What was studied: Most published SETD5 cases involve de novo deletions or point mutations. Two papers add to the smaller body of literature on CNV gains (duplications) at 3p25 and on inherited SETD5-region losses.

  • Rangel-Méndez et al. 2026: A 21-year-old with mild intellectual disability and late diagnosis was found to carry a 3p26.3–3p25.2 microduplication encompassing SETD5. The authors reviewed the literature on 3p25 duplications and found the evidence base is thin — only a small number of cases have been described.
  • The phenotype associated with SETD5 duplication appears milder than haploinsufficiency in reported cases, though the literature is too limited to draw firm conclusions.
  • Dai et al. 2020: Two sisters with intellectual disability, short stature, and microcephaly were found to carry a 3p26.3–3p25.3 deletion inherited from a mother with a balanced translocation between chromosomes 3 and 14.
  • The mother — who carried the translocation in balanced form — had a history of recurrent miscarriage, illustrating that a balanced translocation involving the SETD5 region can be passed through generations with different outcomes depending on how it segregates.
  • Both papers extend the documented range of 3p25 CNV types beyond de novo deletions.
Relevance for families The published literature on SETD5 duplications and inherited 3p25 CNVs is limited. Families with these variant types may have less published data available to inform clinical understanding of their specific situation than families with de novo point mutations or small deletions. A clinical geneticist familiar with SETD5 Syndrome is the appropriate resource for interpreting these variants.
Peer-Reviewed

DNA Methylation Episignature Established for SETD5 Syndrome, Expanding the EpiSign Diagnostic Library

Koparir et al. · Clinical Epigenetics, April 2026 · PubMed

What was studied: Researchers expanded the EpiSign library, a clinical diagnostic tool that identifies characteristic DNA methylation patterns (episignatures) associated with genetic syndromes caused by genes involved in chromatin regulation. SETD5 was among the conditions newly profiled.

  • A blood-based DNA methylation episignature specific to SETD5 Syndrome was identified and validated, adding SETD5 to the growing list of conditions detectable through the EpiSign clinical test.
  • Episignatures can serve as a functional test to help classify variants of uncertain significance (VUS) -- a DNA change that cannot be confirmed as disease-causing based on sequence analysis alone.
  • Because SETD5 regulates chromatin structure, its loss-of-function leaves a detectable chemical imprint on the genome that persists in blood cells and can be measured in a clinical laboratory.
Relevance for families EpiSign is a clinical test performed on a blood sample that analyzes DNA methylation patterns to help confirm or clarify a genetic diagnosis. If your child received a variant of uncertain significance (VUS) in SETD5, an episignature test may be one tool clinicians can use to assess whether that variant affects gene function. This is a diagnostic tool -- it does not change or predict clinical outcomes.

2025 Research

2025
Peer-Reviewed

National Brain Gene Registry: 13 SETD5 Patients -- New Brain and Musculoskeletal Features Documented

Callahan et al. · Clinical Genetics, 2025; 108(3):279–291 · PubMed

What was studied: Researchers used the National Brain Gene Registry to identify and analyze 13 individuals with SETD5 Syndrome, aged 2 to 37 years. The study documented genetic variants and clinical features, including features not previously described in the literature.
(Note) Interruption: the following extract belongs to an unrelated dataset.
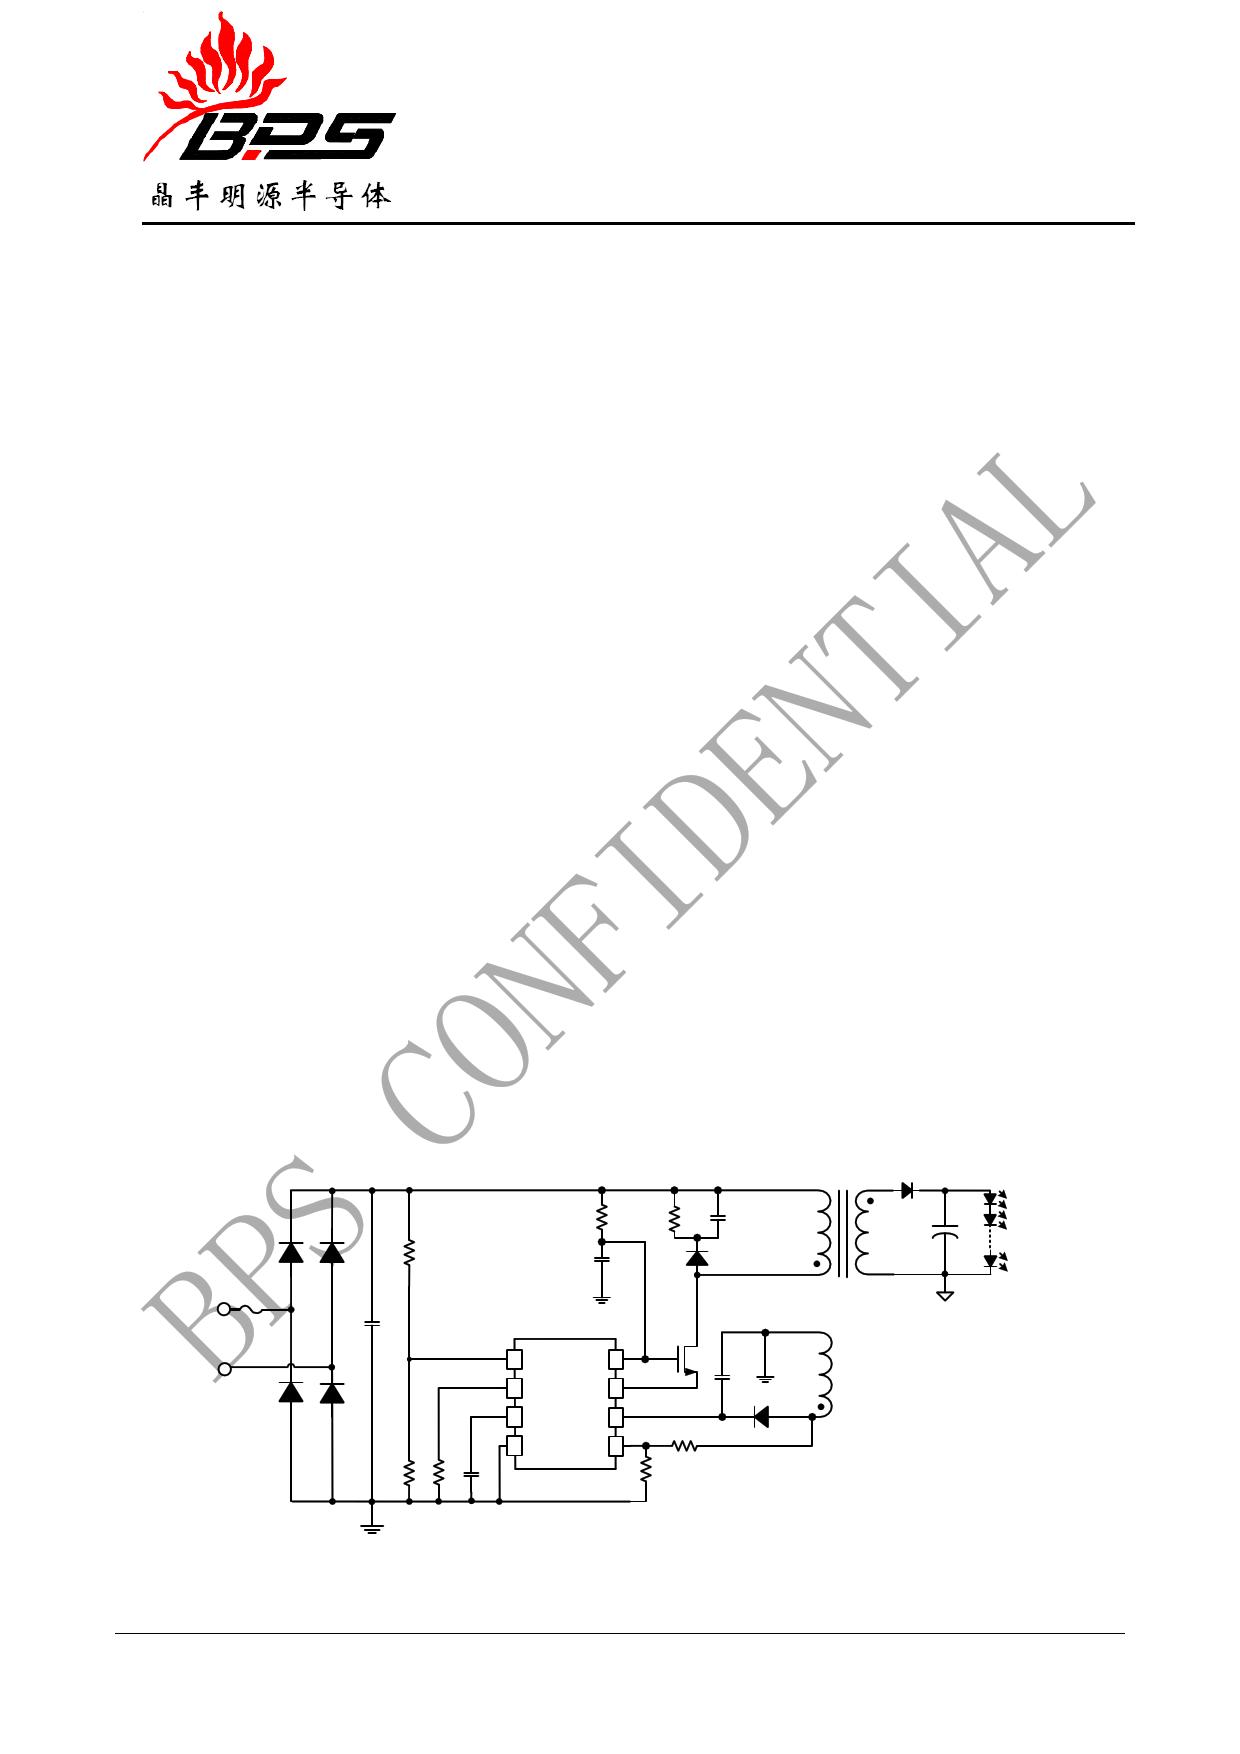 Bp3309 Led Driver Wiring Diagram Controller

  • Brain structural differences were identified in some participants, a feature not well-documented in prior SETD5 studies.
  • Musculoskeletal problems were documented at higher rates than previously reported.
  • 11 unique pathogenic or likely pathogenic variants were identified: 6 nonsense, 4 frameshift, 1 splice site.
  • Symptom presentation varied substantially across participants, including those with similar mutations.
Relevance for families This study documents brain structural differences and musculoskeletal findings at higher rates than previously reported in SETD5 Syndrome.
Peer-Reviewed

Visual Perception and Place Avoidance Impairments in Setd5 Haploinsufficient Mice -- Shared Across Autism Models

Burnett et al. · PLoS Biology, 2024; 22(6):e3002668 · PubMed

What was studied: Researchers compared behavioral impairments across multiple different genetic mouse models of autism, including Setd5 haploinsufficient mice, to identify shared features that may point to common underlying mechanisms.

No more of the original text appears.